Nous entretenons tous un rapport intime avec eux (les mots), au-delà ou en deçà de leur sens courant. C'est Colette qui, enfant, avait nommé un escargot qu'elle avait
adopté "mon petit presbytère" parce qu'elle aimait ce mot pour lui-même.
Je suis parvenu à l'âge où, à l'égard de mes enfants, je n'ai plus que des devoirs. (Pierre Moinot)
(L'auteur traitant de la pudeur):
Un écrivain aussi souverainement maître du langage que Philippe Sollers ne parvient pas à trouver d'autres mots que ceux, additionnés, des traités d'anatomie et des salles de garde pour évoquer son sexe, celui des autres et ce qu'il en fait. Dans une sorte de descente aux enfers assez fascinante, Olivier Py ne parvient qu'à susciter un insurmontable malaise. Houellebecq, comme avant lui, Hervé Guibert, disent tout, dans des termes d'une force incontestable, mais néanmoins d'une platitude voulue et d'une objectivité clinique qui exclut toute poésie. 'La chair est triste hélas! et j'ai lu tous les livres". Mallarmé semble avoir parlé pour notre temps. Et ce ne sont pas les névroses de Christine Angot et de quelques auteurs de la nouvelle génération qui nous rendront la chair joyeuse.
La vertu, si l'on y croit, est faite pour être pratiquée, non exhibée.
Je crois que l'on ne peut être pleinement citoyen que si, par la fréquentation des oeuvres de l'art et de l'esprit, on se forge soi-même les clés de l'explication du monde dans lequel on vit.
Un vieil homme qui meurt, c'est une bibliothèque qui brûle.
( Hampaté Bâ: écrivain et ethnologue malien)
Quarante années bien sonnées de paternité m'en ont appris plus que tous les livres sur la vie et sur moi-même.
Mon cher, j'ai appris une chose: la retraite, c'est quand on a plus de vacances. (Georges Vedel de l'Académie Française)
l'incrédulité est plus forte que les miracles .
Les cyniques, avec leur aplomb, sont capables de tout et, par exemple, de se confectionner une prothèse de fausse sincérité qui leur permet, avec un parfait naturel, de nier un crime, de changer une trahison en exploit et un mensonge en aveu sincère.
Il y a des peintres d'instinct ou de fantasme. Je n'en connais pas qui, autant que Soulages, soient à la fois des ouvriers et des poètes de la matière et des philisophes du regard et qui sachent aussi bien parler de leur art.
Vivre à propos:qu'est-ce au fond? C'est d'abord se donner entier à ce qu'on fait, aimer la vie en chacun de ses instants, faire preuve à son sujet d'esprit d'à propos, l'accueillir et la goûter comme elle vient, inégale, capricieuse, imprévisible, avec ses moments intenses mais aussi les mornes étalements de son cours, quand il semble que rien ne se passe.

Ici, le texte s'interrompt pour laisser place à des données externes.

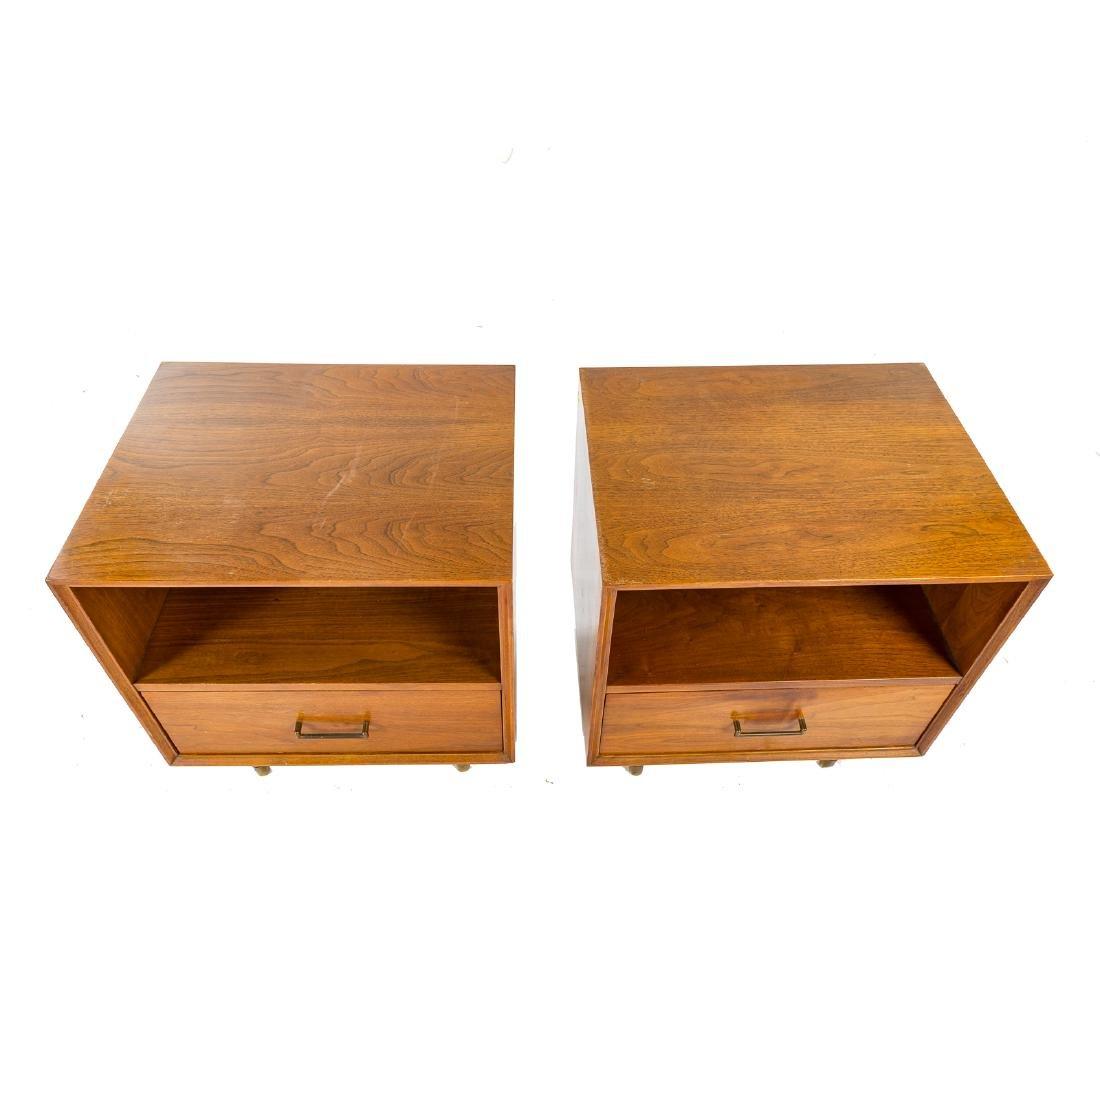 Pair of Furnette Walnut Nightstands - 4

En castillan "retraite" se dit "jubilation". Voilà qui est clair.
Le plus grand dérèglement de l'esprit, c'est de croire les choses par ce que l'on veut qu'elles soient, et non par ce qu'on a vu qu'elles sont en effet.
(Bossuet)
Ne pense pas comme ça t'arrange.
(Jean Riboud Président de Schlumberger à son fils.)
Je ne manquais pas d'oeil, ni de sensibilité mais mon ignorance était totale et mon éveil fut tardif. Allant pour la première fois en Italie à dix-huit ans, en 1950, à l'occasion de l'Année sainte, je fus impressionné par l'architecture, qui, grâce peut-être à l'hérédité d'une famille paternelle de maçons, m'a intéressé dès l'enfance; en revanche, je dois confesser que la peinture me laissa assez indifférent, qu'il s'agisse des fresques de Giotto à Assise où commença notre voyage, des musées du Vatican que nous parcourûmes au pas de charge, ou des Offices où je fus plus impressionné par les vues qu'offre la galerie du musée sur le Palazzo Vecchio et sur l'Arno que par les cimaises. Non seulement les noms de Ghirlandajo et de Botticelli même ne me disaient pas grand-chose, mais, tout simplement, je ne savais pas regarder et je n'avais personne près de moi, maître, parent ou ami, pour me donner d'utiles leçons. J'en recevrai plus tard de gens de métier qui, beaucoup plus que les livres, m'aideront à lire un tableau, y compris des astuces comme celle que m'a apprise un jour Jean Lescure à l'Académie, à Venise, et qui consiste à utiliser des jumelles de théâtre pour isoler et goûter un détail.
Chapitre IV, La fréquentation des oeuvres, p183-184.